The captives here, almost certainly a reference to Plato, are drunk with wine of the lesser sort and so fall into bestiality.

Wine is an important symbol for the Greeks as well. It is the drink of the symposium, an institution central to Socratic philosophy, as well as the trademark of Bacchus, god of wine and revelry. In the Euripedes’ play, The Bacchae, wine is simultaneously exalted, for “apart from wine, / there is no cure for human hardship” [356-357], and denounced, for from those who deny its powers Bacchus “removes intelligence, / their knowledge of true wisdom” [535-536]. It turns people into beasts, as it does Agave when she tears apart her son. Yet in the Bacchic rites, it also has the power of divine revelation. The Gnostics from Nag Hammadi were well versed in the Greeks — they were well aware of these traditional conceptions of wine and adapted them to their own purposes.

Jesus says, “I took my place in the midst of the world, and I appeared to them in flesh. I found all of them intoxicated; I found none of them thirsty” [Thomas 28]. The mundane wine can seem to fill the soul, temporary blinding it to the false life of ignorance and error it leads. “Empty they came into the world, and empty too they seek to leave the world.
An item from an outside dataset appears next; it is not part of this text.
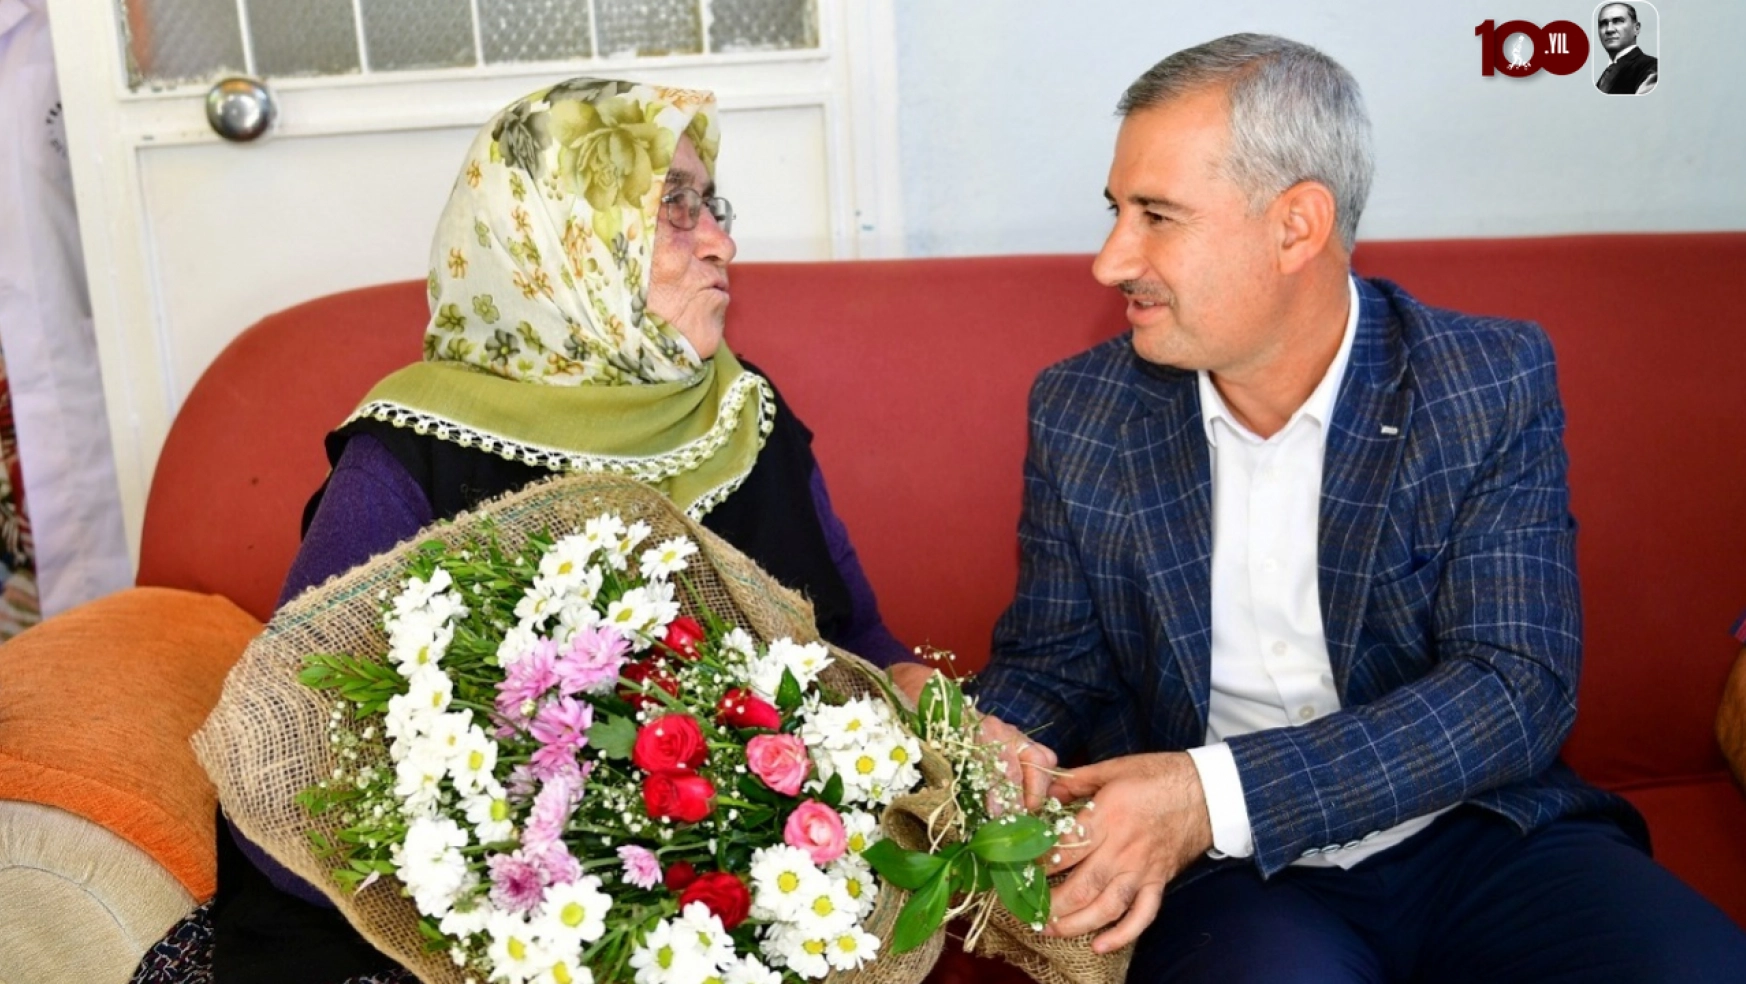 Başkan Çınar, Kadına Şiddet, İnsanlığa Yapılan En Büyük İhanettir

But for the moment they are intoxicated. When they shake off their wine, then they will repent” [ibid]. The only thing that can actually fill the soul is the true wine offered by Christ, which leads the soul to truth and knowledge. “Ignorance will result in death, because those who come from ignorance neither were nor are nor shall be. … Ignorance is a slave. Knowledge is freedom” [Philip]. Gnosis means freedom for the soul from the false images of the cave that is our material world.
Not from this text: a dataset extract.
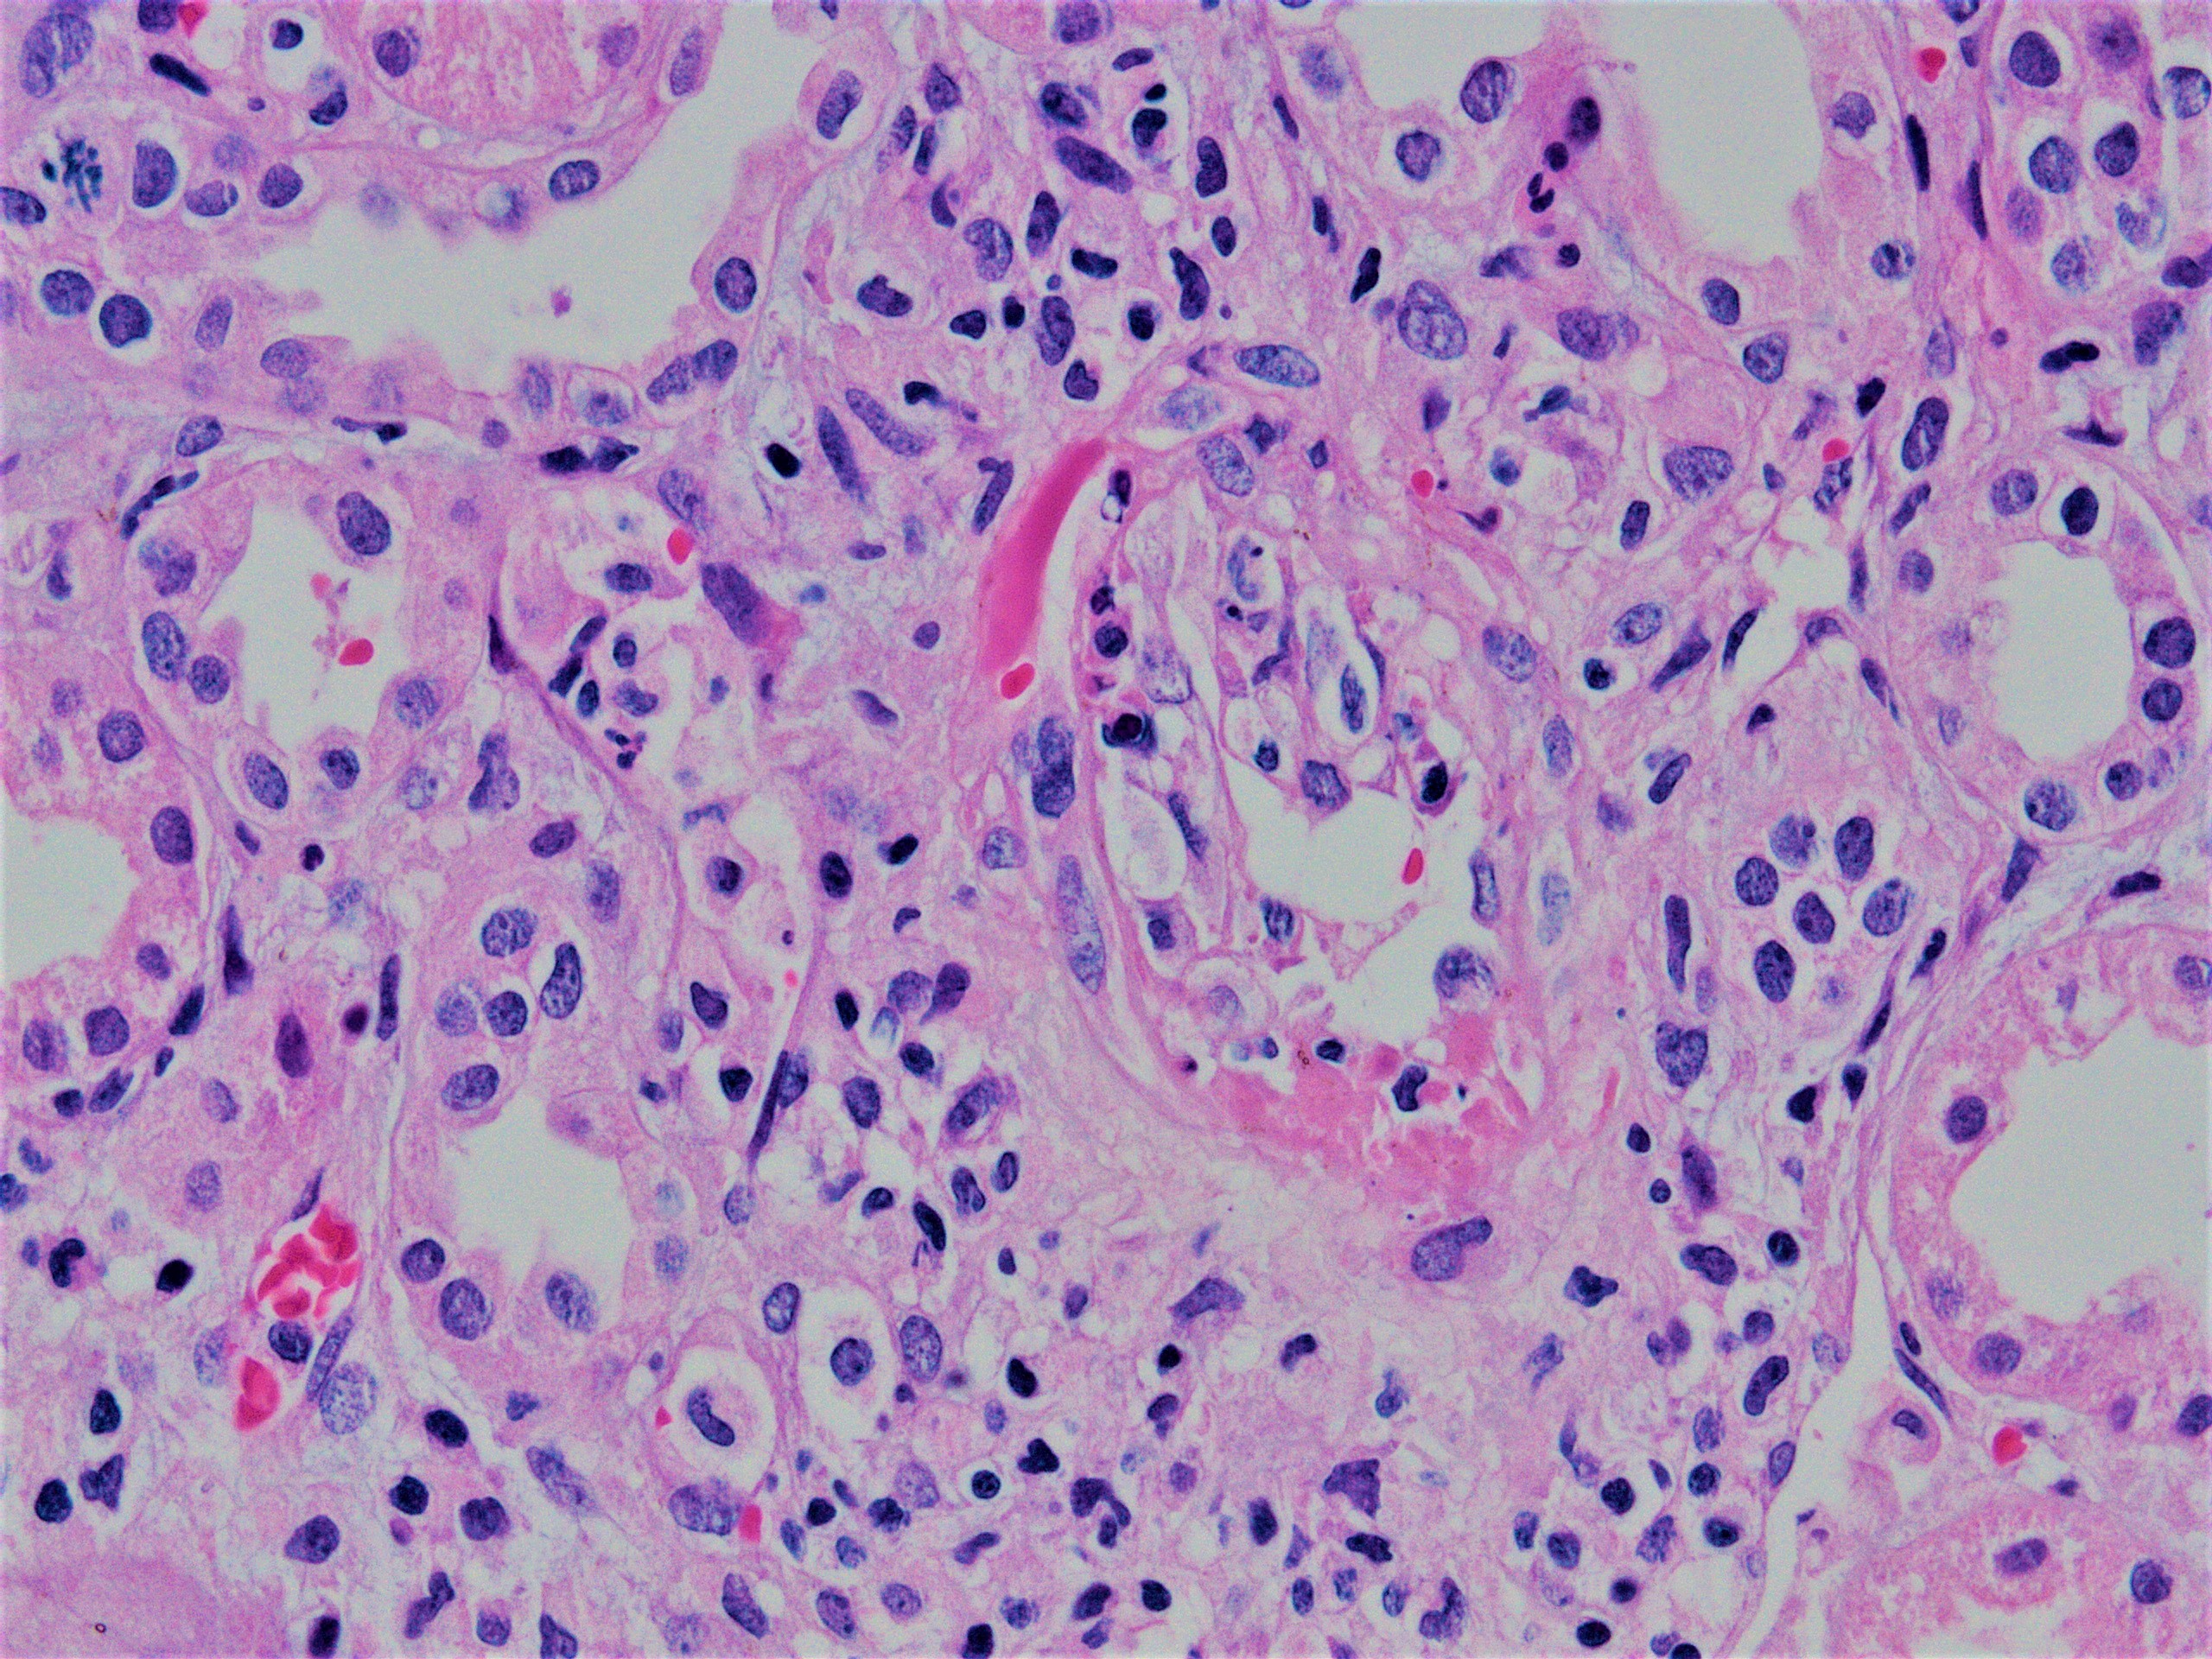 Transmural arteritis and fibrinoid necrosis

Wine is a powerful symbol in Ancient Christianity. It can represent both the debauchery of the flesh and the transcendence of the soul. It is recognized in Ancient Greece for its transformative powers, creating animals out of men by blinding them to truth. Adapting Plato’s allegory of the cave, the Gnostics liken the manifest world to the world of false images, populated by drunkards who, in searching for the truth are deluded into thinking that what is false is real. These images are the revelations of God, a single completeness from which all souls arise. Souls must recognize their own divine nature, become sober from the blinding intoxication and drink from the true wine of Jesus until they are full. To be full is to reunite with the Father and attain the knowledge of truth, finding rest at last from that weary search and finally understanding how to live.

After all this talk of using a special wine from Jesus to escape this world, I wonder if abandoning the hedonistic bodily self for the divine and transcendent self is just as foolish as abandoning God for the flesh. Either path involves the intoxication of the soul and the loss of the one part of ourselves or another. It is God who chooses to reveal himself in the physical realm, so this world of the senses cannot be truly worthless. The divine nature is not disconnected from bestial nature, and drawing a line down the middle of the soul would seem to divide God’s utter unity. If wine for the Greeks could be both revelry and revelation, there do not need to be two different wines at all. The body and the spirit, the concealed and the revealed, must be embraced in order to embrace one’s true self, for surely completeness can only come when both realms are recognized as part of the divine whole.